Hint: The change in freezing point is one of the colligative properties and can be determined from the Van’t Hoff factor, molality and molal freezing point constant. Molal freezing point is constant and given, Van’t Hoff factor of sodium sulphate is \[3\]and the molality can be determined from the number of moles and volume of solution in kilograms.
Formula used:
\[\Delta {T_f} = {K_f} \times i \times m\]
\[\Delta {T_f}\] is change in freezing point
\[{K_f}\] is molal elevation constant
\[i\] is Van’t Hoff factor
\[m\] is molality

Complete answer:
Colligative properties are one of the properties and change in depression freezing point is one of the colligative properties.

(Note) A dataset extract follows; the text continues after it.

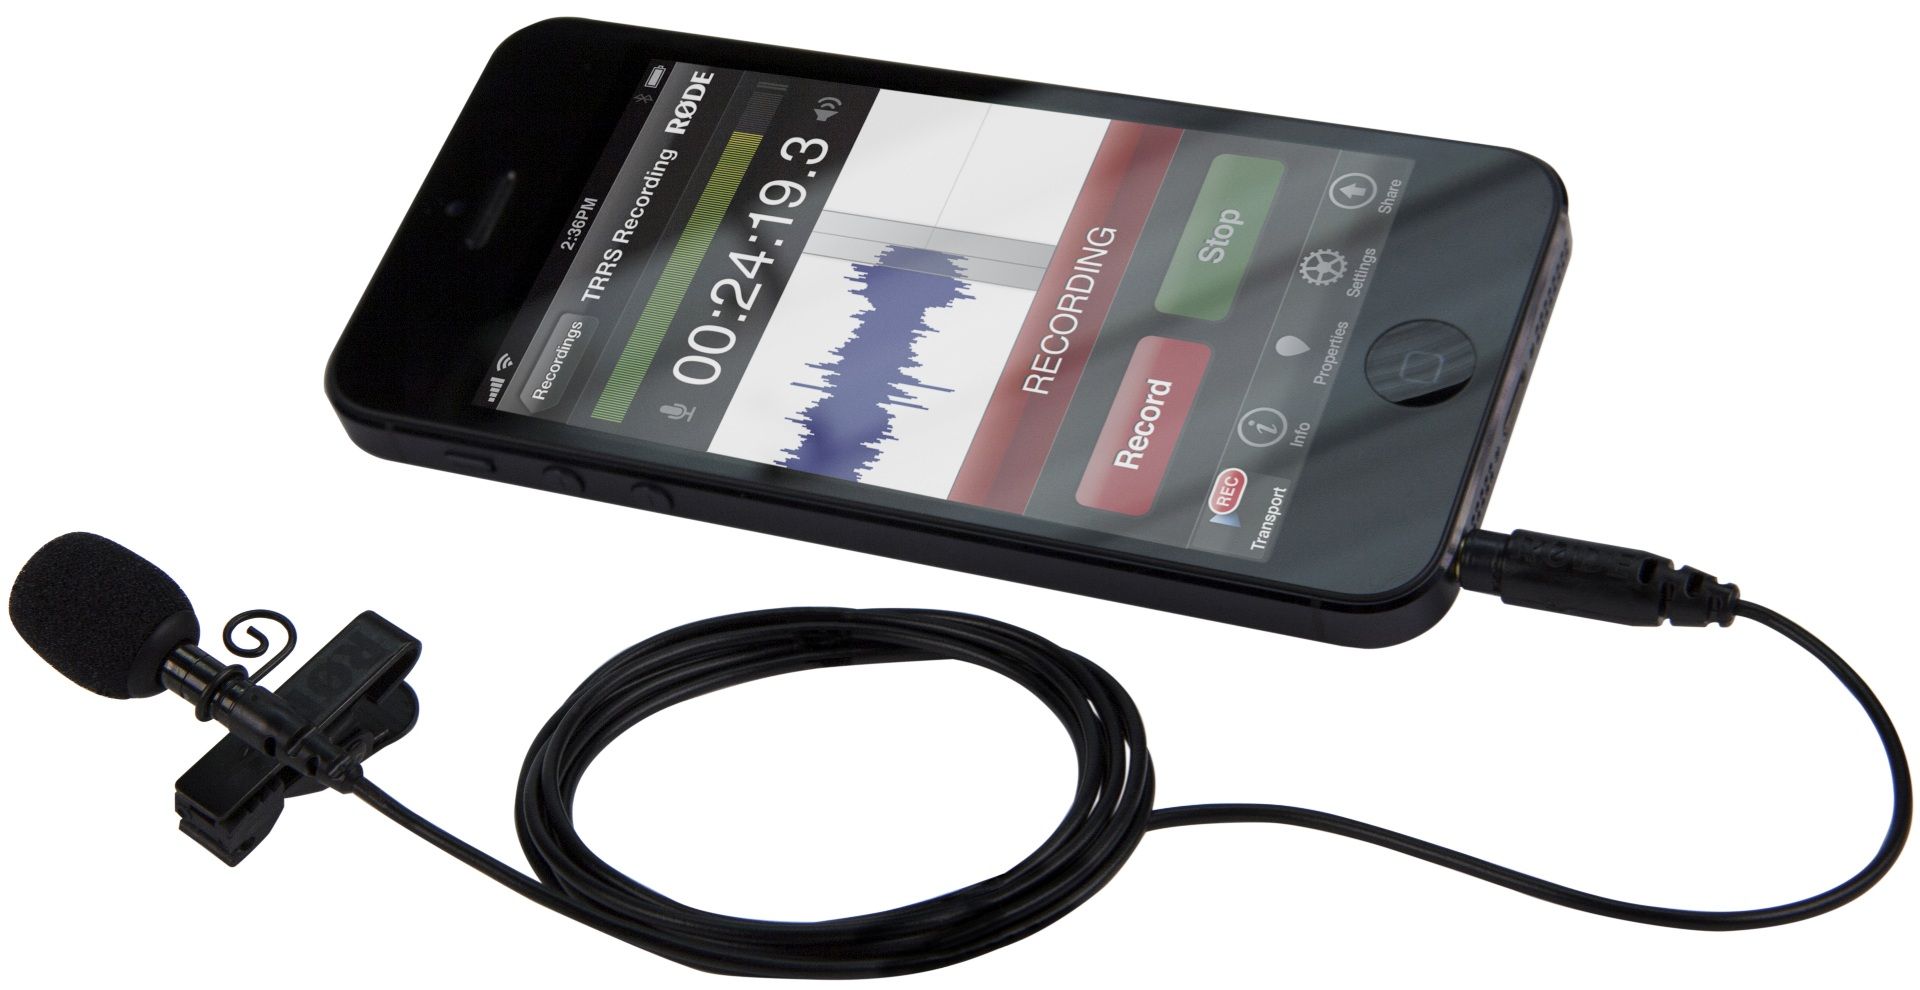 Беспроводной микрофон для андроида телефона. Петличка Rode SMARTLAV+. Bluetooth петличный микрофон Rode. Микрофон Rode радиопетличка. Петлички Rode для iphone.

The number of moles of solute is \[0.01\] and volume of solution is \[1kg\].
Thus, the molality will be \[\dfrac{{0.01}}{1} = 0.01\]
The sodium sulphate is an inorganic salt and can be dissociated into three ions. Thus, Van’t Hoff factor is \[3\].
The molal freezing point is already given as \[186K - Kg{\left( {mol} \right)^{ - 1}}\]
-Now we know, \[\Delta {T_f} = {K_f} \times i \times m\]
Substitute all these values in the above equation,
\[\Delta {T_f} = 186 \times 3 \times 0.01 = 5.58K\]
The change in freezing point of water \[\left( {\Delta {T_f}} \right)\] is \[5.58K\]
So, option (B) is the correct answer.

Note:
The inorganic salts are the3 compounds other than carbon and hydrogen containing atoms. Sodium sulphate on complete dissociation gives two sodium ions and one sulphate ion. Thus, the van’t Hoff factor will be three but not two. The volume of solution while calculating molality should be in kilograms.